Cicero's main goal was to provide a moral framework for the demoralized ruling class of his day.  The work was actually written in the months following Caesar's assassination, as a blueprint for a new Rome in which the contest between populares and boni would be replaced by a stable constitutional order that provided for the welfare of the lower classes but preserved the influence of an aristocracy that dedicated itself to the public good.  Although the work is sometimes now dismissed as second-rate scissors and paste, it is a remarkably unified compendium of the best political-moral thought of ancient world.

Although Cicero in the beginning pronounces himself as essentially a Peripatetic (that is, Aristotelian), the source for much of the work (especially Books I-II) is a treatise on duty by the Stoic philosopher Panaetius, who died a few years before Cicero's birth.  Panaetius, who belonged to the Scipionic circle, was an important influence on Roman thought.  He adapted the rigid and austere Stoic ethics to reality of Roman upper class life.  Cicero, to some extent following Panaetius, does not take as his subject moral theory of the type usually discussed by philosophers but rather how a man may carry out the practical duties of everyday life.  Man has duties because he is not a beast but a being endowed with reason, a sense of kinship with his fellows, a regard for truth, and moral instinct.  There are thus four cardinal virtues: wisdom, justice, courage, and temperance which are the basis of all human duties.

Knowledge and wisdom are an important part of duty, because one must know what one's duty is. Cicero's approach is clear from his warning about the pursuit of truth.  One must be skeptical about evidence (as his masters in the Middle Academy taught) but also limit one's pursuit of knowledge to the knowable.  Abstruse disciplines are thus impractical.  Pure knowledge is valuable, but virtus is displayed in a life of action, not in bookish seclusion.

In his treatment of justice, Cicero breaks no new ground.  He follows Plato in regarding (mistakenly, I should say) private property as a useful innovation rather than a part of nature, but justice requires us not to take another's property.  Nature, however, teaches us to have a benevolent regard for our fellow-men, and not to use our property in any anti-social manner. This is not socialism at all, for nature teaches us to contribute to society by engaging in an exchange of kindnesses.

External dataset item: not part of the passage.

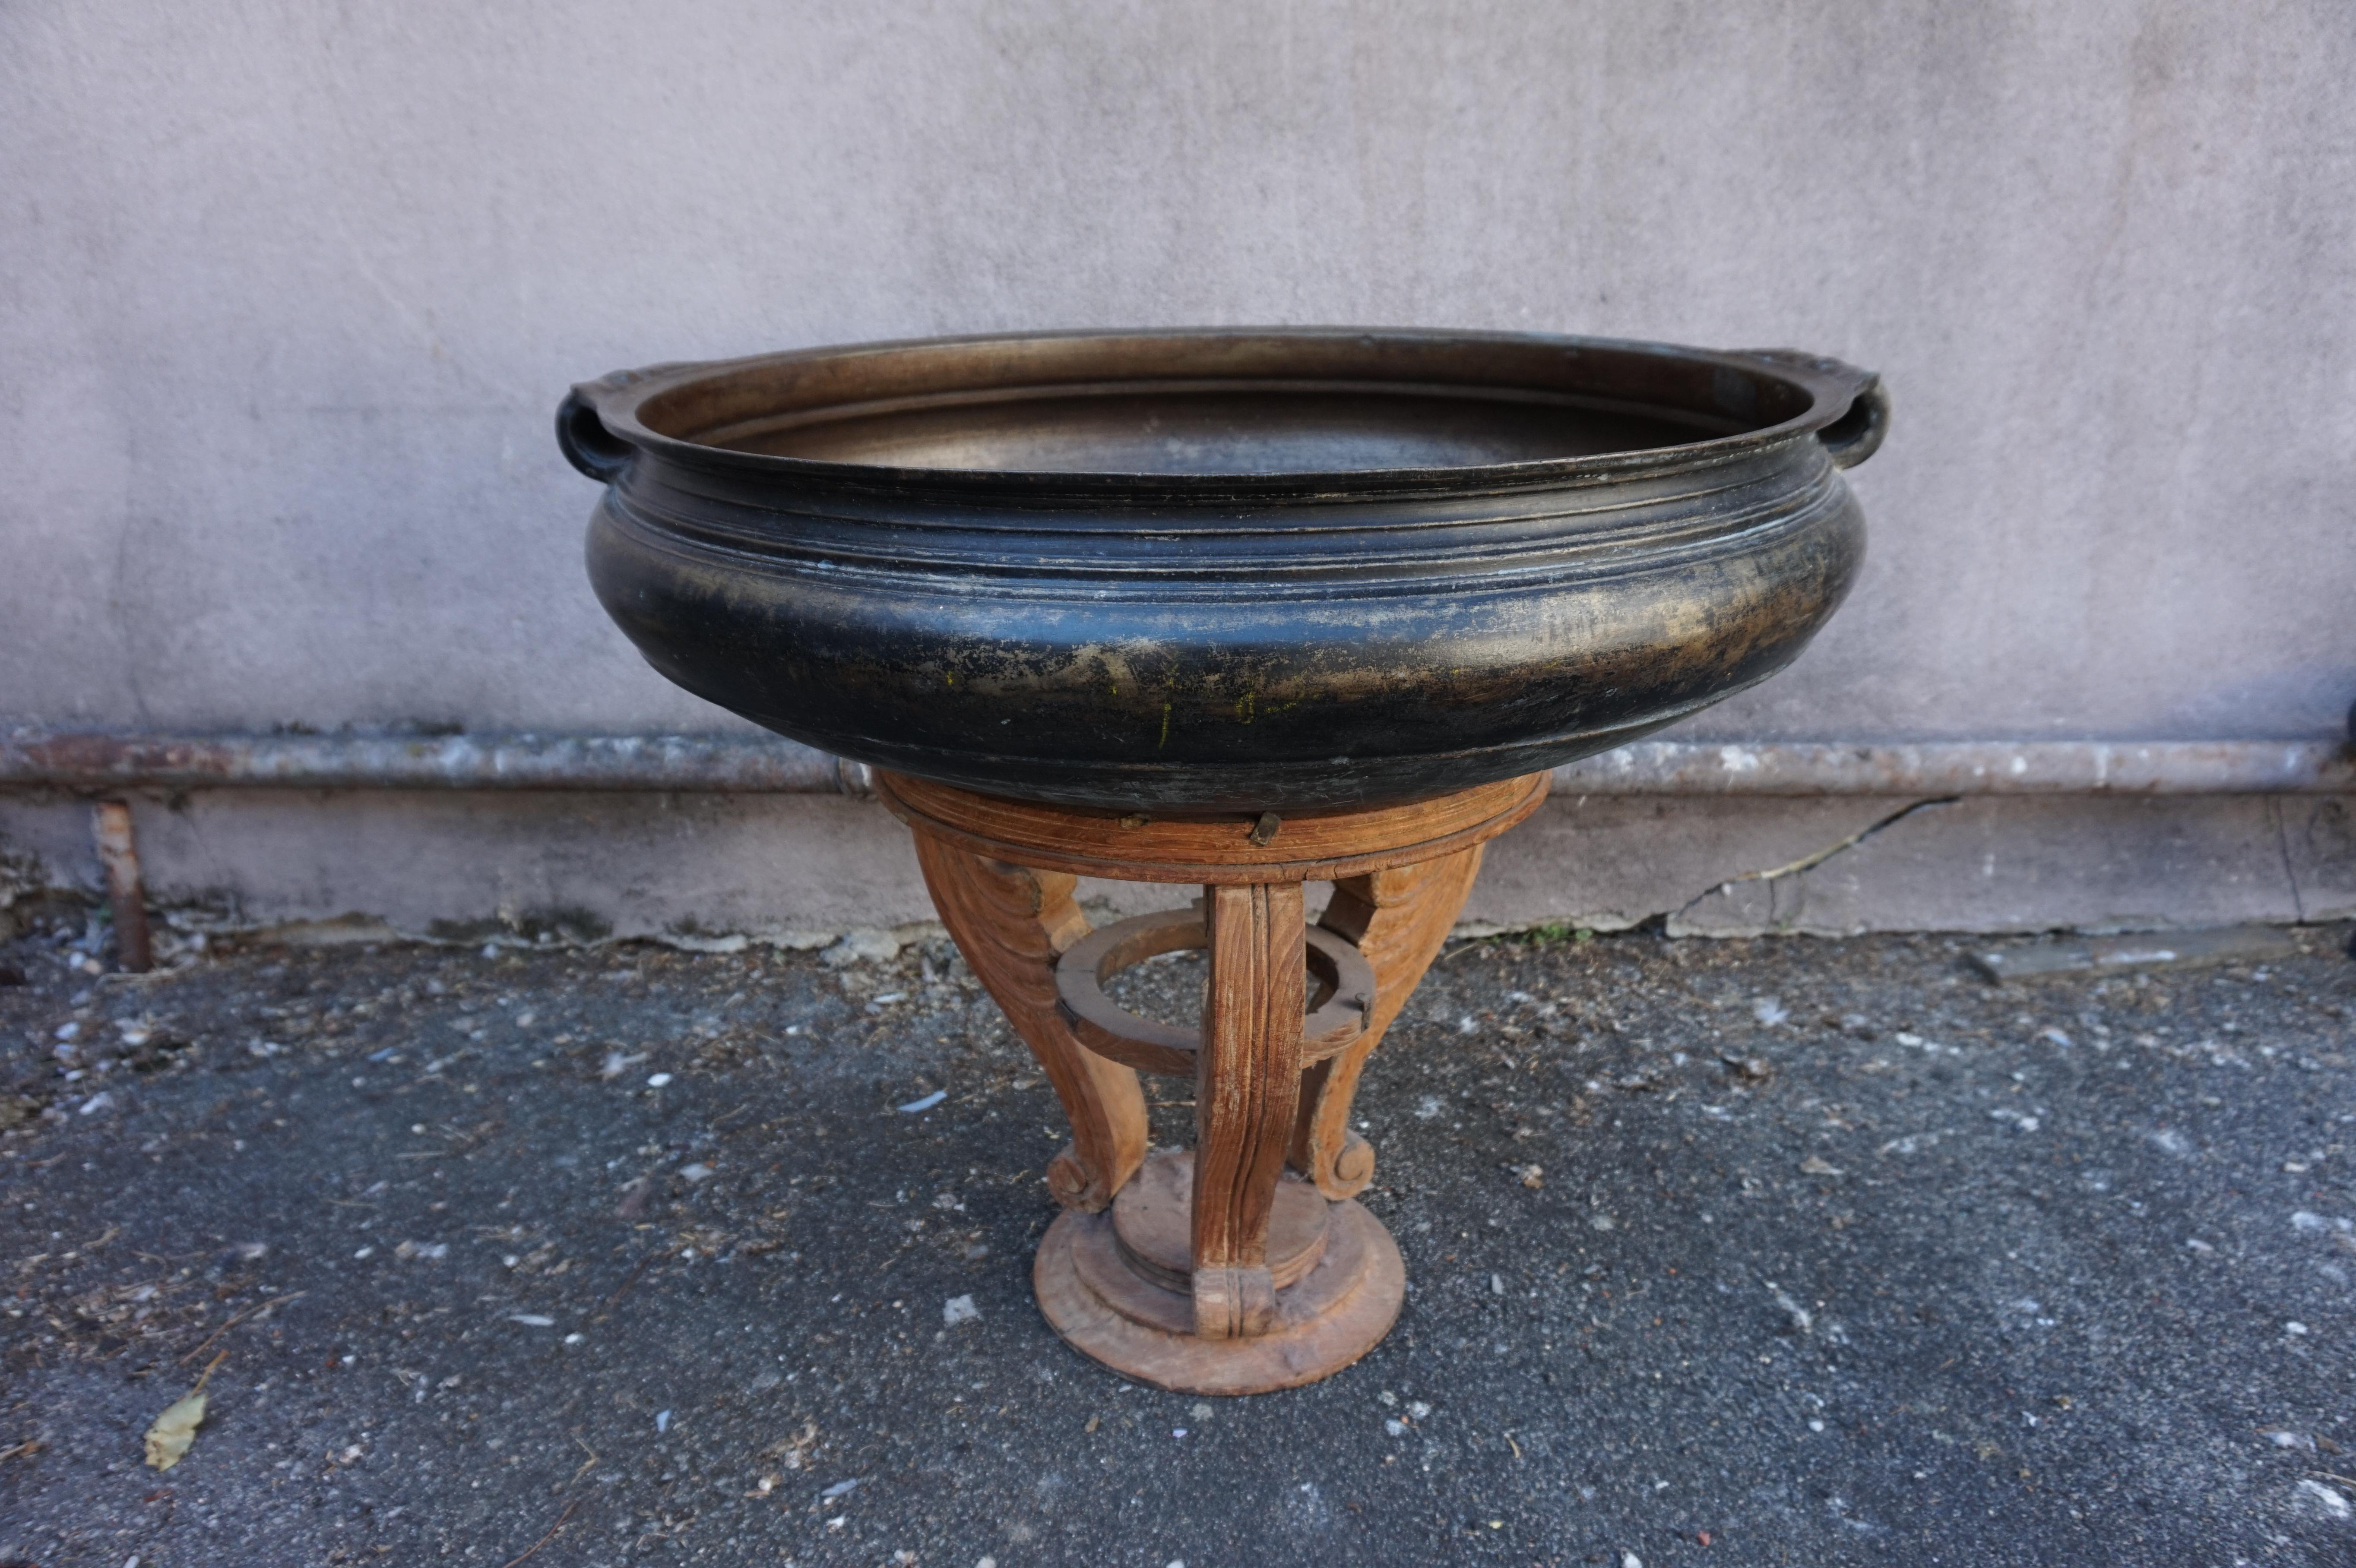 Large cast bronze vessel originally used as a ceremonial cooking urn. This specific piece was beautifully cast with turned rings and moulded handles. It also features original patina and that really adds to it's appeal. Fill with floating flowers as

One of the most important sources of injustice is ambition of the type that led Julius Caesar (I.26) to make himself a tyrant, but a more passive sense of self-interest may also lead us in the same direction.  Although a rather stern moralist (at least in theory), Cicero understands that morality cannot consist of absolute rules: there are occasions when a promise must be broken or property not restored, because keeping faith would cause harm.  There are limits even to righteous punishment.  Discussion is a better way of resolving disputes than war, and when victory has been secured, benevolent treatment of the losers will make them peaceful and law-abiding.

Cicero's discussion of the rules by which Romans went to war (I.36) anticipates a good deal of just-war theory.  War is embarked on only when Rome has been wronged and after demands for satisfaction have been rejected.  Different methods are appropriate to different types of war: Wars for survival will use harsher means than wars for supremacy.  As an afterthought, Cicero gives sound advice on the treatment of slaves, who often submitted to slavery after being captured in battle. It is best to treat slaves as employees: the slave is required to work, but the master is obligated to furnish what is right.

For Cicero, doing one's particular duty is the difference between virtue and vice:

For there is no part of life--neither in our public nor private affairs, neither at home nor in the marketplace, neither if you conduct some business with yourself nor if you make an arrangement with another person--that can be without duty; all honest living consists in cultivating duty, all baseness in neglecting it.

This Roman view of duty, comprehensive as it is, imposes no unusual burden of obligation; in fact, it is only a higher expression of the common opinion of ancient pagans--that there are specific duties, arising out of one's station in life, owed to neighbors, relatives, friends, and political allies.  Greeks and Romans, Jews and Assyrians all made the obvious distinctions between neighbors and strangers, kin and non-kin, compatriots and aliens, noble and base-born, and--most sweeping--between friends and enemies.

This view of particular duties stands in stark contrast with most moral philosophy since Descartes.  Jefferson, famously, in his redaction of the Scriptures, wanted to remove "the wretched depravity of particular duties."  If there is only one lesson we can learn from Cicero, it is to recover a sense of what Bradley referred to as "my station and its duties," a brilliant chapter some of whose good Bradley undermined by going on to repeat the arguments for universal duty made familiar by philosophers--the very philosophers who have made it so difficult for modern men and women to understand their duties.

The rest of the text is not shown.